In psychology, 'I' statements are often used to defuse arguments -- and later keep them from starting at all.

They encourage a child [or adult] to express how they're feeling. And, they also make it less likely for the other person to get defensive, so you are more able to have a constructive back and forth."

No name-calling:

Obviously, don't let the children call each other names (yes, that's easier said than done).

Stay focused on the now:

You don't want to allow the children to bring up things that happened the day before or the week before (as so many of us adults do). Just keep it to the argument or fight of that moment.

Common points to agree upon

In this hour of crisis let's not focus on petty issues

Arguments and fights are not a priority

♥ Elders and parents need to mediate and create peace in the house

♥ If someone is upset they can spend some lone time in their room and communicate their hurt and feelings on WhatsApp

♥ We need to together protect each other from Corona and support each other for the same.

Consider using the popular "Apple" technique to deal with anxiety and worries

Acknowledge: Notice and acknowledge the uncertainty as it comes to mind.

Pause: Don't react as you normally do. Don't react at all. Pause and breathe.

Pull back: Tell yourself this is just the worry talking, and this apparent need for certainty is not helpful and not necessary. It is only a thought or feeling. Don't believe everything you think. Thoughts are not statements or facts.

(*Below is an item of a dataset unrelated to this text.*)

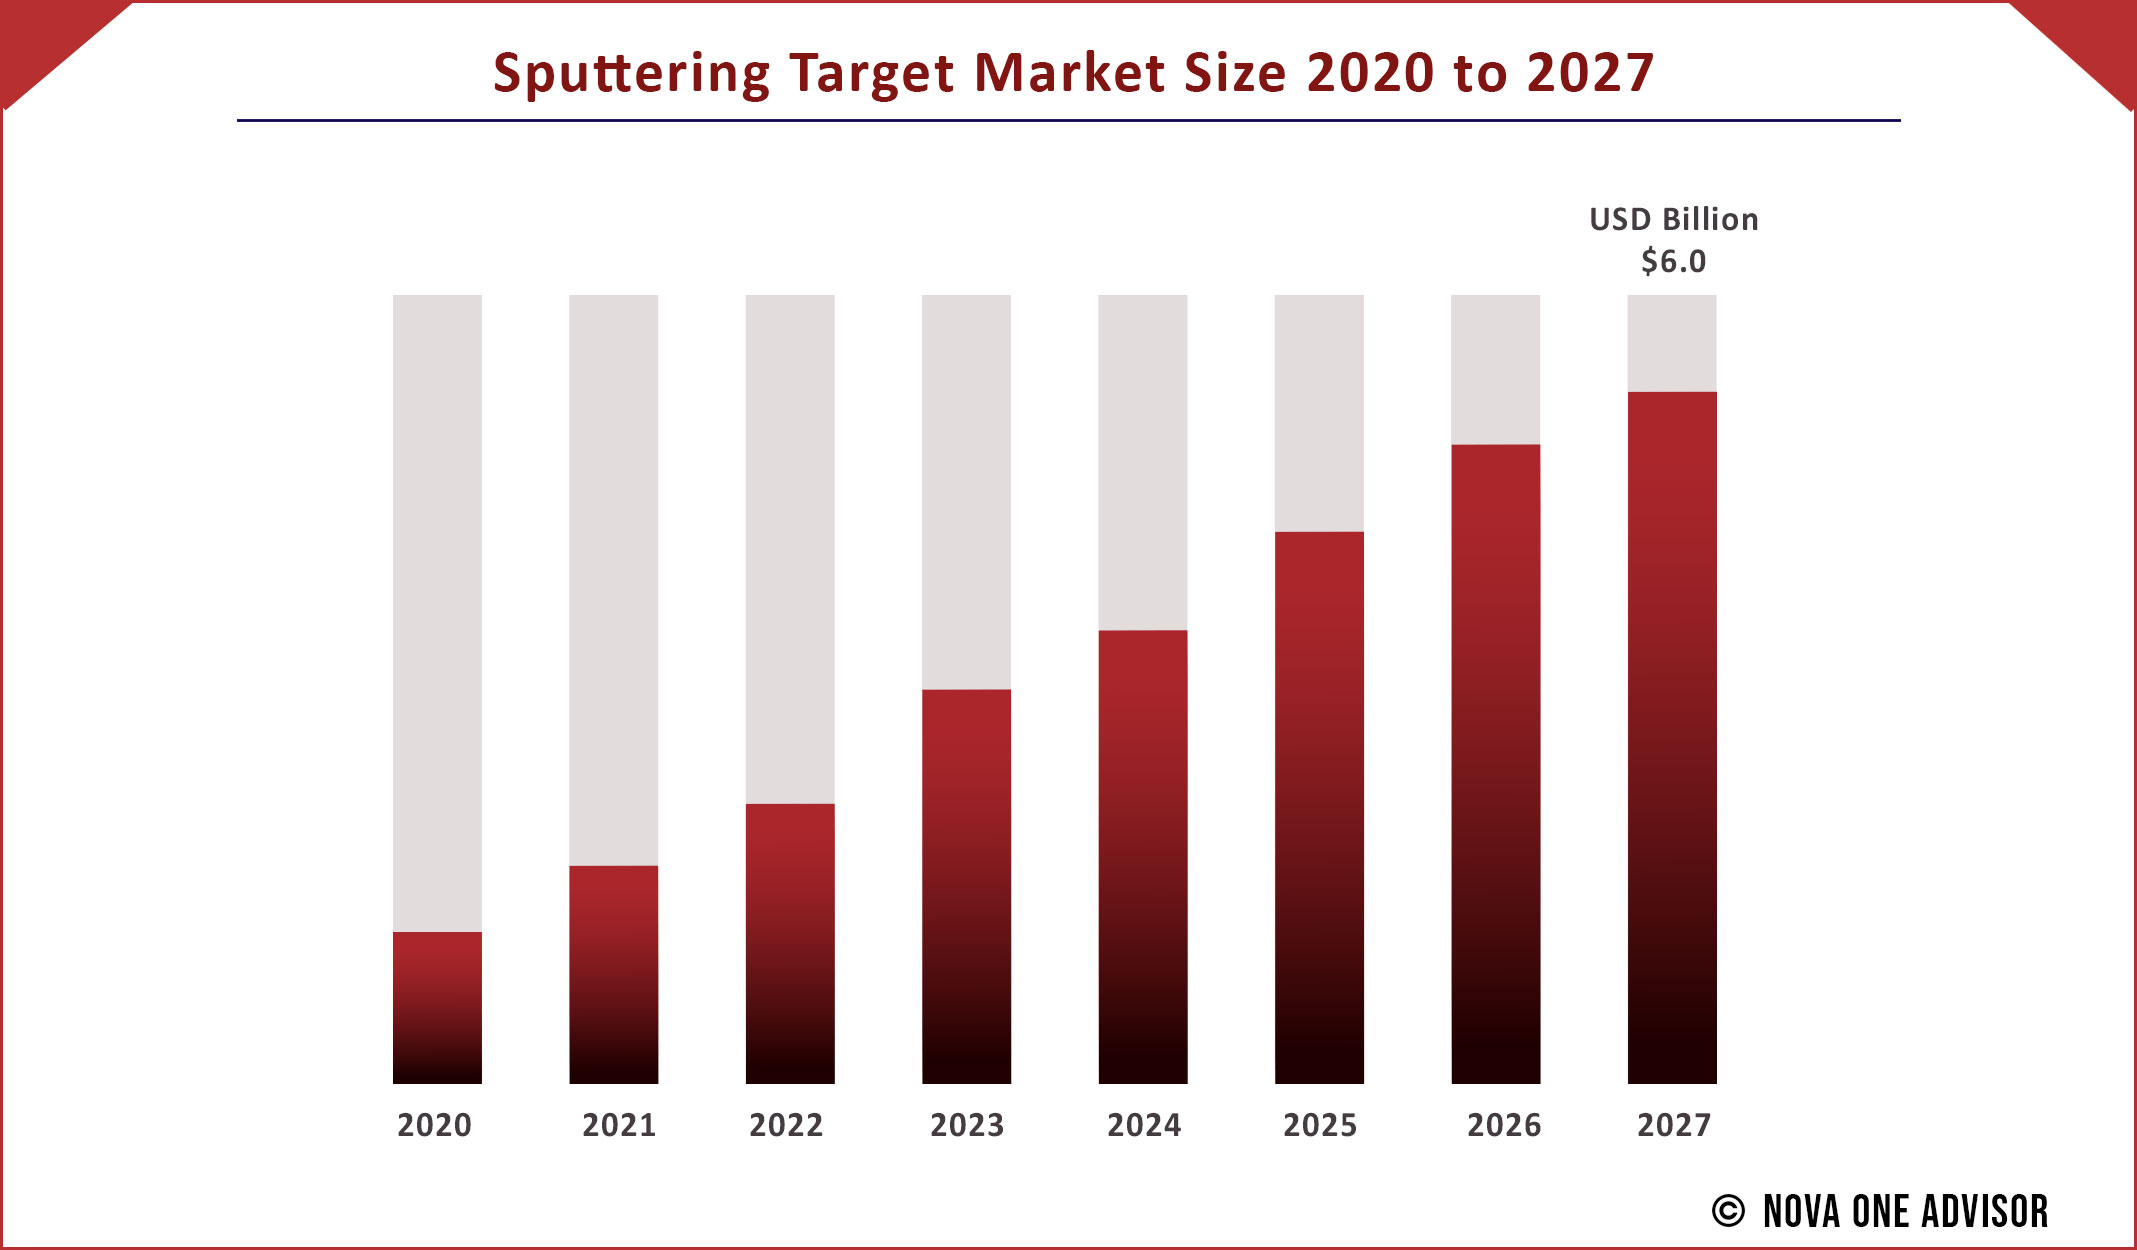 Sputtering Target Market Size 2020 to 2027
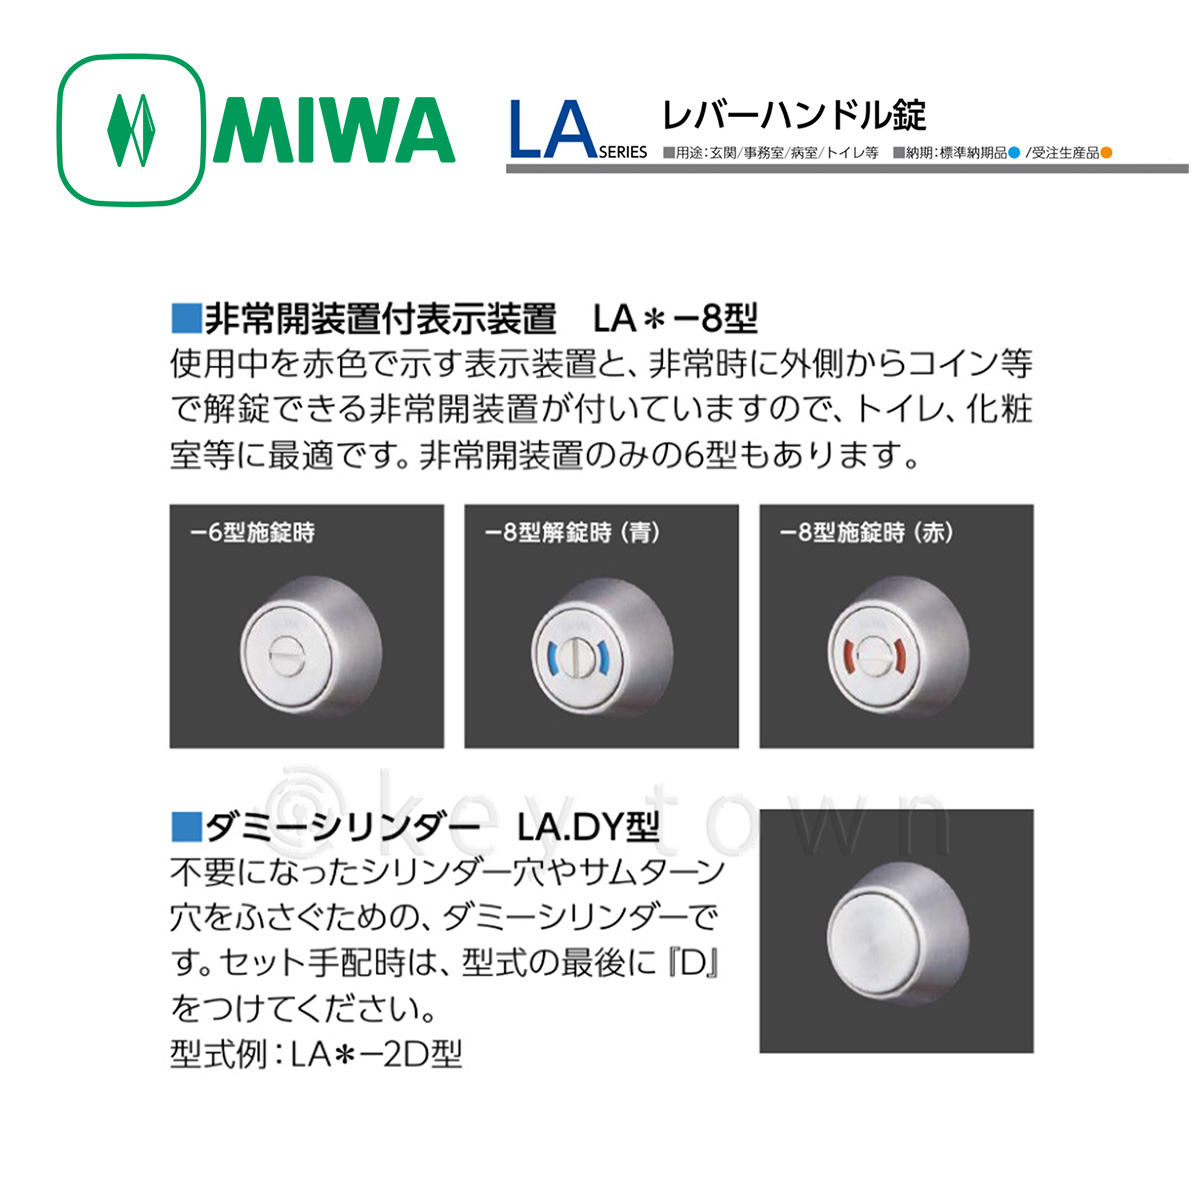 MIWA 【美和ロック】 レバーハンドル [MIWA-LA] U9LA52-1[MIWALA]｜鍵

Let go: Let go of the thought or feeling. It will pass. You don't have to respond to them. You might imagine them floating away in a bubble or cloud.

Explore: Explore the present moment, because right now, in this moment, all is well. Notice your breathing and the sensations of your breathing. Notice the ground beneath you. Look around and notice what you see, what you hear, what you can touch, what you can smell. Right now. Then shift your focus of attention to something else - on what you need to do, on what you were doing before you noticed the worry, or do something else - mindfully with your full attention.